Hannah Höch was born Anna Therese Johanne Höch in Gotha, Germany. In 1912 she began classes at the School of Applied Arts in Berlin under the guidance of glass designer Harold Bergen. She chose the curriculum glass design and graphic arts, rather than fine arts, to please her father. In 1914, at the start of World War I, she left the school and returned home to Gotha to work with the Red Cross. In 1915 she returned to school, entering the graphics class of Emil Orlik at the National Institute of the Museum of Arts and Crafts. Also in 1915, Höch began an influential friendship with Raoul Hausmann, a member of the Berlin Dada movement.

Höch was a pioneer of the art form that became known as photomontage. Photomontage is the process and the result of making a composite photograph by cutting,gluing, rearranging and overlapping two or more photographs into a new image. Sometimes the resulting composite image is photographed so that a final image may appear as a seamless photographic print. A similar method, although one that does not use film, is realized today through image-editing software.

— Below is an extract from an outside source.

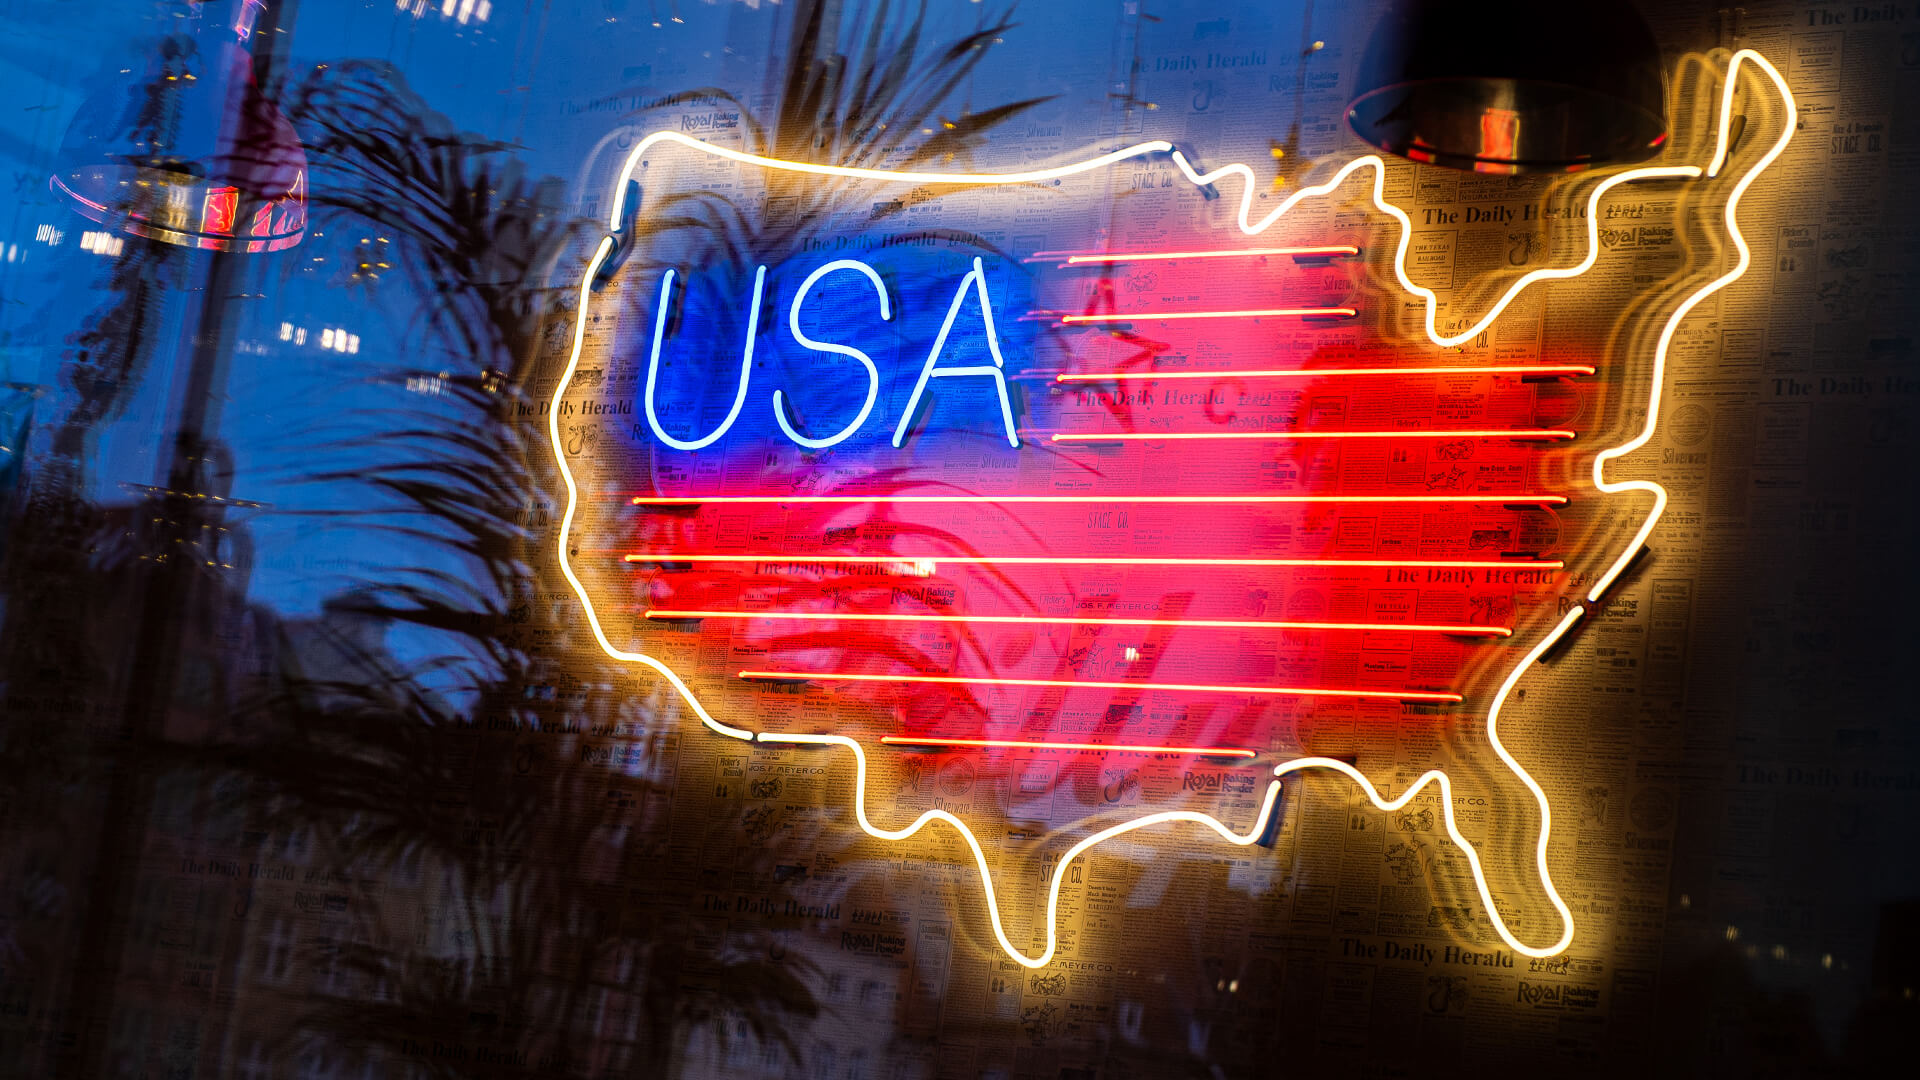 Mappa degli Stati Uniti - Mappa USA, neon, colore, insegna, produttore di neon, usa-map-sign-neos

Many of her pieces sardonically critiqued the mass culture beauty industry at the time, gaining significant momentum in mass media through the rise of fashion and advertising photography. Many of her political works from the Dada period equated women’s liberation with social and political revolution. In particular, her photomontages often critically addressed the Weimar New Woman, collating images from contemporary magazines. Her works from 1926 to 1935 often depicted same sex couples, and women were once again a central theme in her work from 1963 to 1973. Höch also made strong statements on racial discrimination.